So today's our 4th day. Yesterday was great, you went with me and with my friends who gave me a surprise birthday bash and all. Today's different. Maybe it's just really you but it is something I have yet to comprehend. A mighty earthquake just happened right in front of our eyes but you didn't even ask how I was! You were just like "Hey babe, there's an earthquake.". I would've appreciated if you said "Hey babe there's an earthquake. Take care of yourself!" Argh. This is your second strike, remember that. The first one was when I got my first car accident which nearly caused me trauma. I clearly remember that you didn't even bother asking how I was. You simply said "Hah, pag amping gd.." That turned me off big time. But the next day, though you didn't send me a litany of messages, you made it up by fetching me right away without a lot of questions. You show your care for me in unusual ways. But then again, one unusual overwhelming antic should not compensate for non communication.

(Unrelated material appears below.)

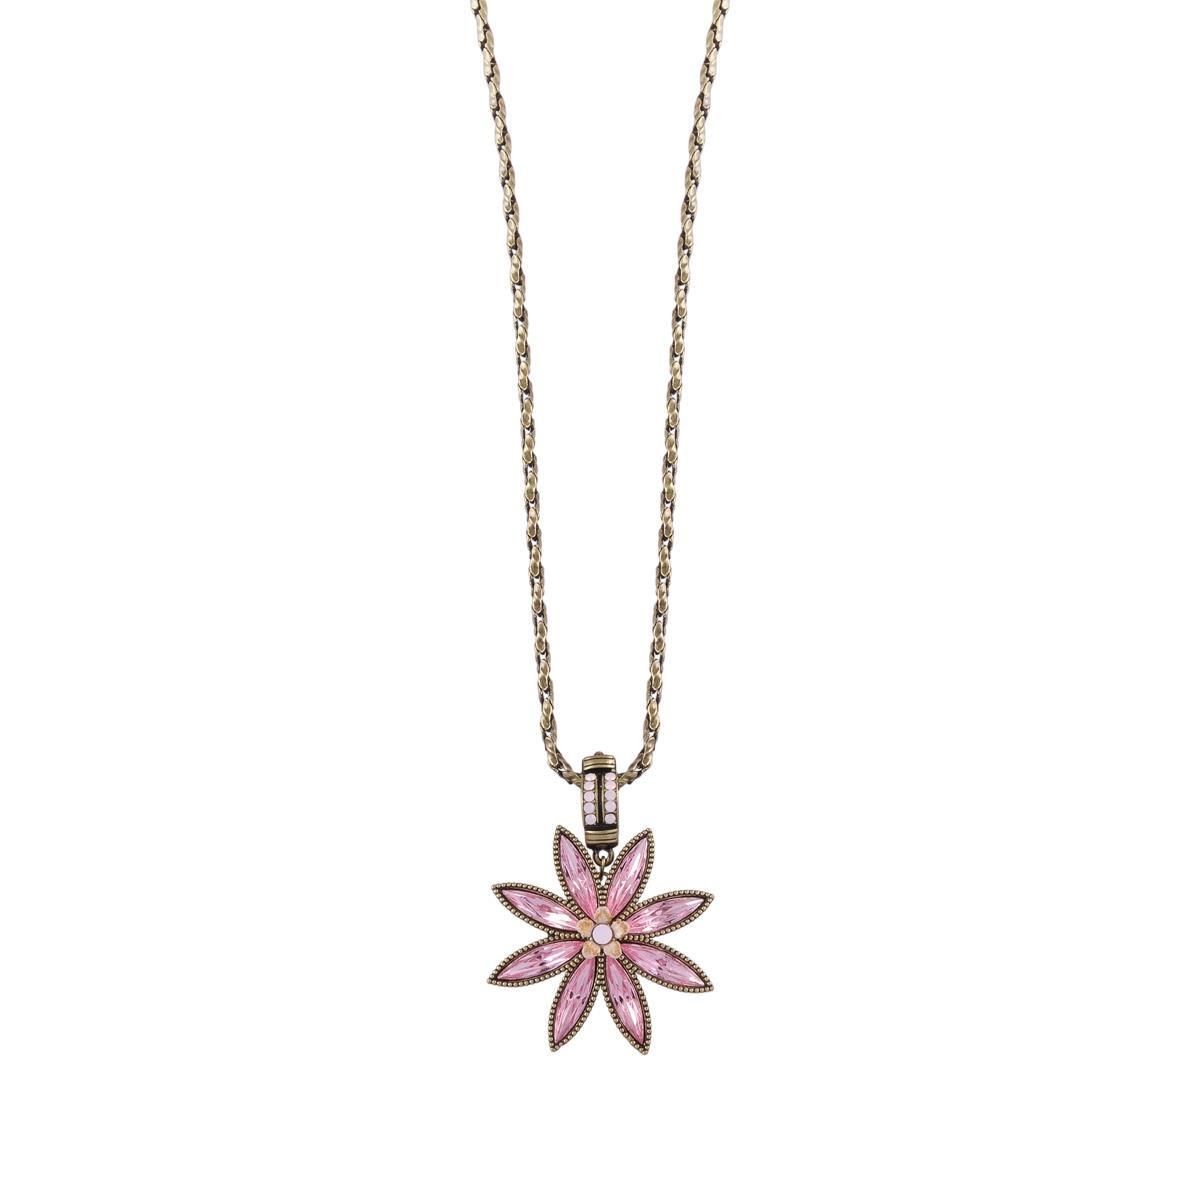 Negrin Summer Bloom Star Necklace

We all want to be liked, loved, or needed. That is fine. What is not fine is what we are willing to do to make sure we are liked, or loved or needed. When we make the needs and wants of others a priority in our lives, we devalue ourselves. — Iyanla VanzantOne question keeps lingering on my mind lately - Shall this last or shall this pass too?
Logic may makes things a bit more complicated, but it lessens the probability of failure in any form. What logic does the heart recognizes? They say it all has something to do with the language of LOVE. All I know is that I could happily get lost away from the rest of the world when I am with him. :x
What I hate about this subject is that it involves too much emotion and such investment requires a big leap of faith. One must prepare himself for both the best and the worst. But what are the necessary preparations? Maybe again there's none. What evidence does faith have? Happiness maybe, unquantifiable. And so is investing your time to develop a relationship. It requires a lot, but willful effort.